简单类比于数据库的表,type的定义见下图。
可以看到,最终数据类型的定义在solr.*这些类里面。solr本身就提供了基础数据类型的存储。另外还有很多其它的属性。indexed表示是否为本字段建立索引,stored是否存储等等,类似的还有docValue的属性指的是是否是用正排索引。其它的暂时用不到。
除了这些solr还定义了一些动态字段。不用修改配置文件,直接根据通配符就可以定义字段名。
自定义数据类型
知道上面的关系之后,自定义其实就很简单了。
自己构造一个类继承与相应的数据类型就可以了。在managed-schema中配置自定义的类可以实现这些功能。一下有几个注意的点:
属性
首先,属性完全可以自定义,随便加上一个length什么的都可以。但要注意的是,solr本身会对属性进行检查,最好是在获取到属性之后将其remove调。
@Override
protected void init(IndexSchema schema, Map<String,String> args) {
super.init(schema, args); // 重写init方法, 在此处将args中的对应属性remove掉。
}
另外还有一点就是,属性如果是boolean类型的就比较麻烦。在FieldPropertites类中,定制了boolean类型的属性名,直接添加这边的验证是不通过的。

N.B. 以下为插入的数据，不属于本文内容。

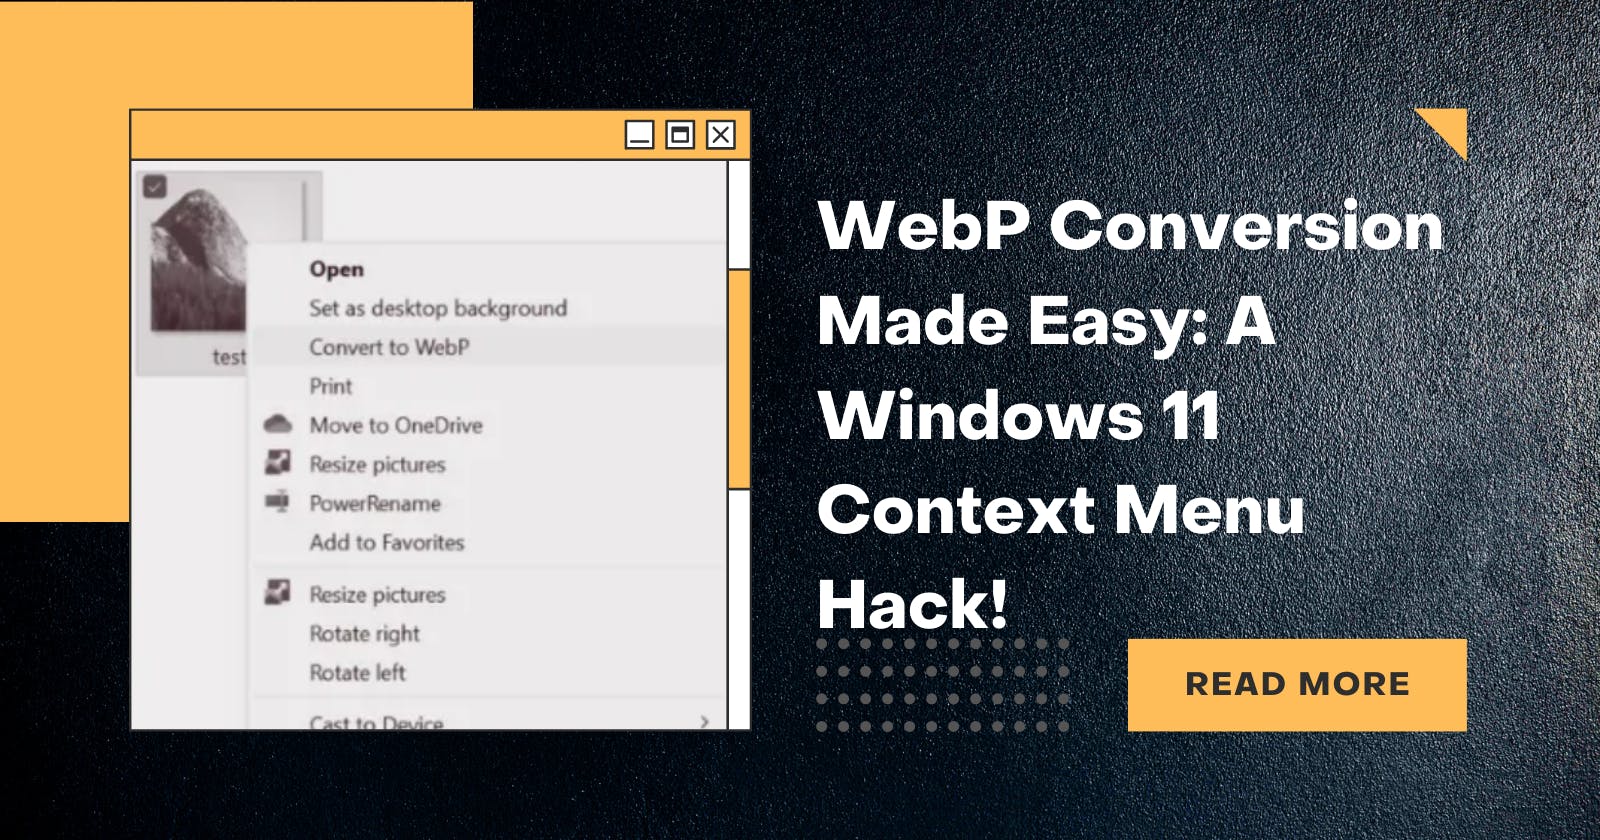 WebP Conversion Made Easy
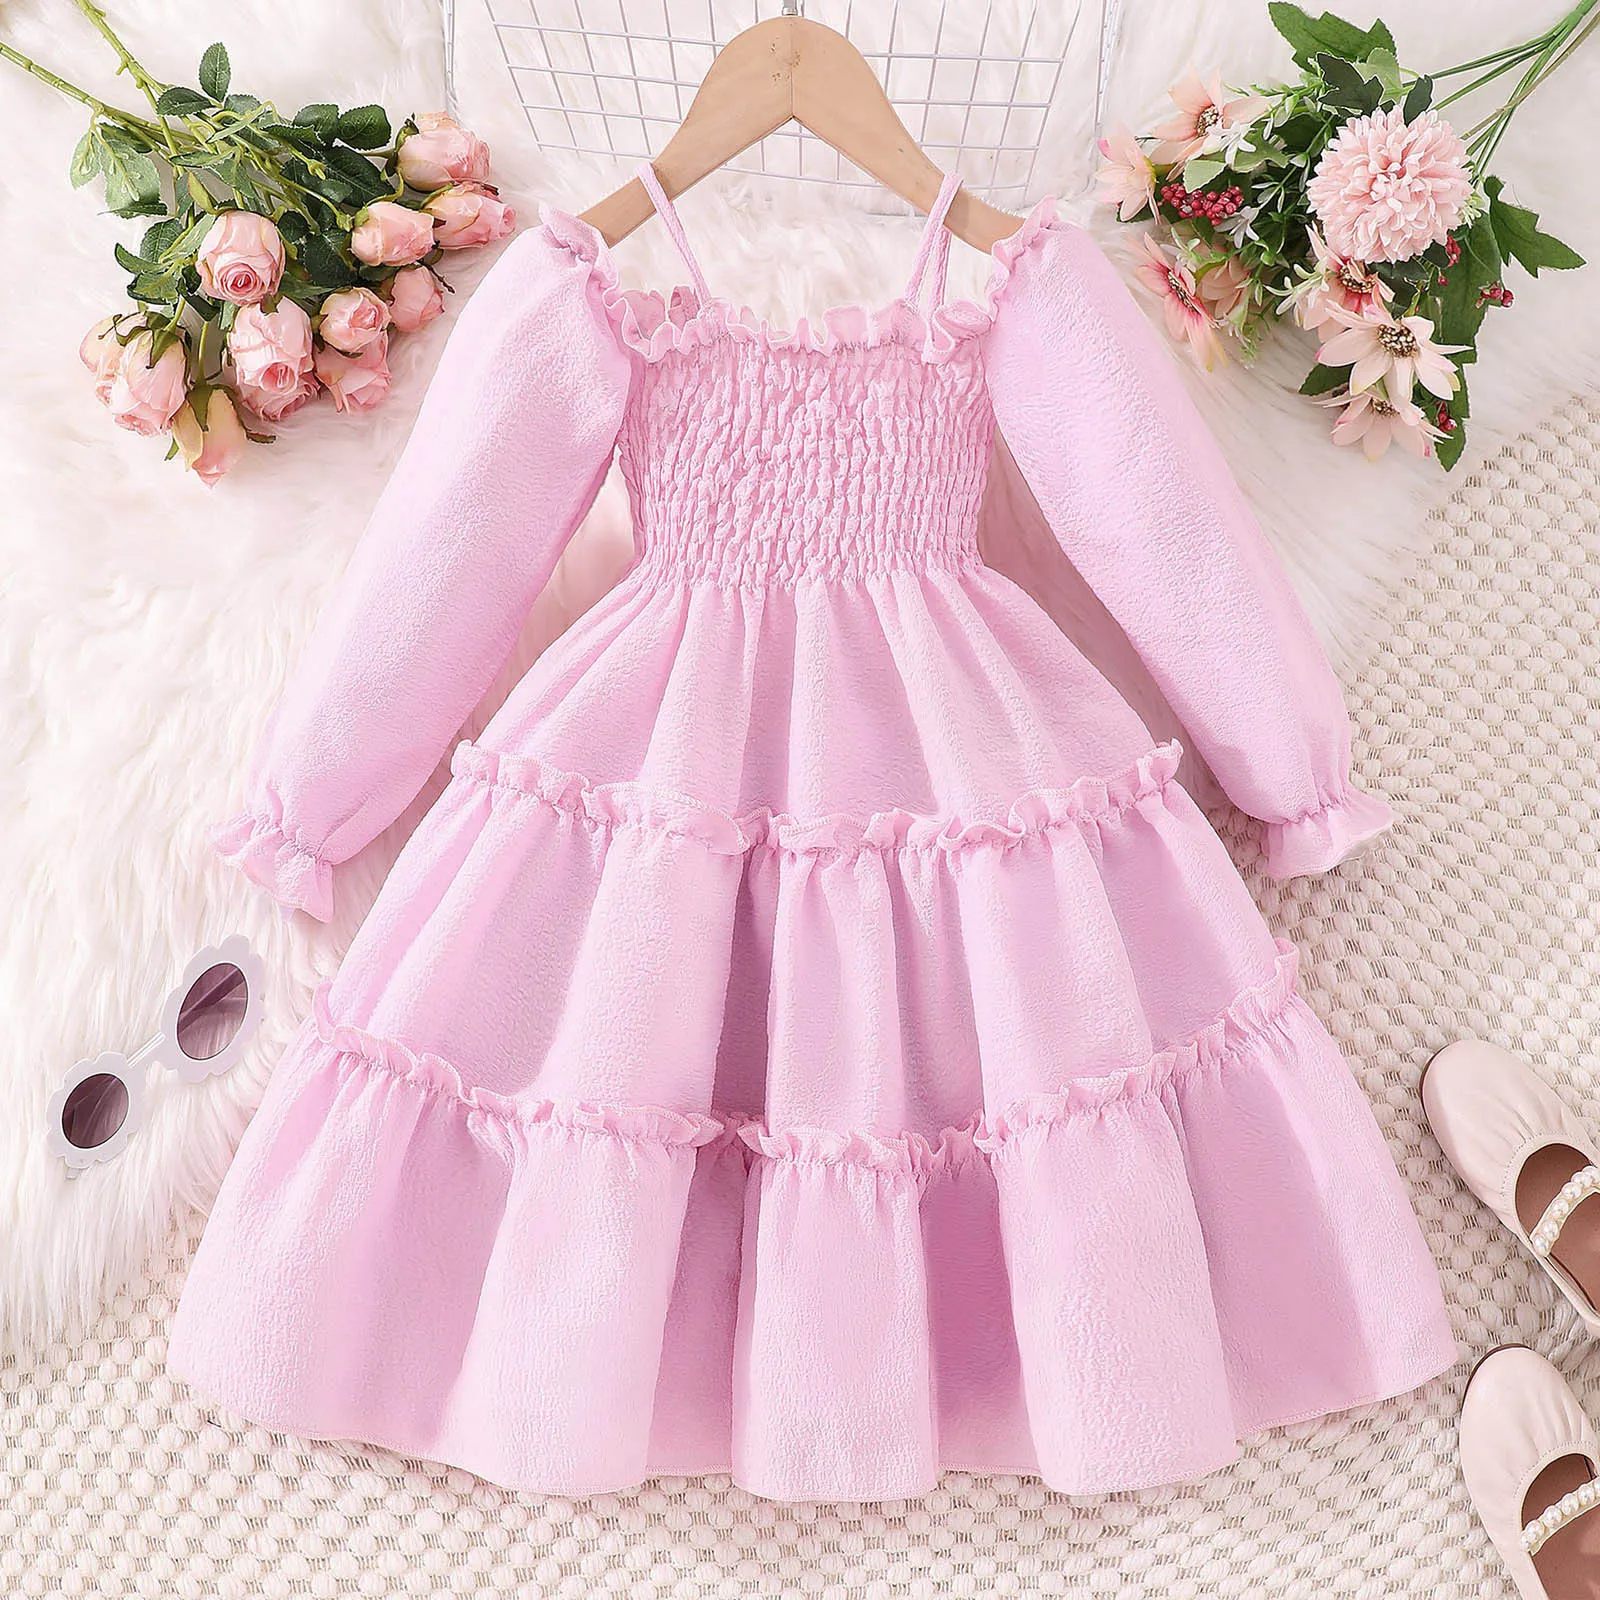 

Toddler Girls Shirred Puff Long Sleeve Frill Trim Flowers Pattern Party Dress For Girls 2 to 7 Years Kids Spring Autumn Clothes

所以需要修改源码,添加自定义的属性。
protected final static int INDEXED = 0x00000001;
protected final static int TOKENIZED = 0x00000002;
protected final static int STORED = 0x00000004;
protected final static int BINARY = 0x00000008;
protected final static int OMIT_NORMS = 0x00000010;
protected final static int OMIT_TF_POSITIONS = 0x00000020;
protected final static int STORE_TERMVECTORS = 0x00000040;
protected final static int STORE_TERMPOSITIONS = 0x00000080;
protected final static int STORE_TERMOFFSETS = 0x00000100;
protected final static int MULTIVALUED = 0x00000200;
protected final static int SORT_MISSING_FIRST = 0x00000400;
protected final static int SORT_MISSING_LAST = 0x00000800;
protected final static int REQUIRED = 0x00001000;
protected final static int OMIT_POSITIONS = 0x00002000;
protected final static int STORE_OFFSETS = 0x00004000;
protected final static int DOC_VALUES = 0x00008000;
protected final static int STORE_TERMPAYLOADS = 0x00010000;
protected final static int USE_DOCVALUES_AS_STORED = 0x00020000;
static final String[] propertyNames = {
"indexed", "tokenized", "stored",
"binary", "omitNorms", "omitTermFreqAndPositions",
"termVectors", "termPositions", "termOffsets",
"multiValued",
"sortMissingFirst","sortMissingLast","required", "omitPositions",
"storeOffsetsWithPositions", "docValues", "termPayloads", "useDocValuesAsStored"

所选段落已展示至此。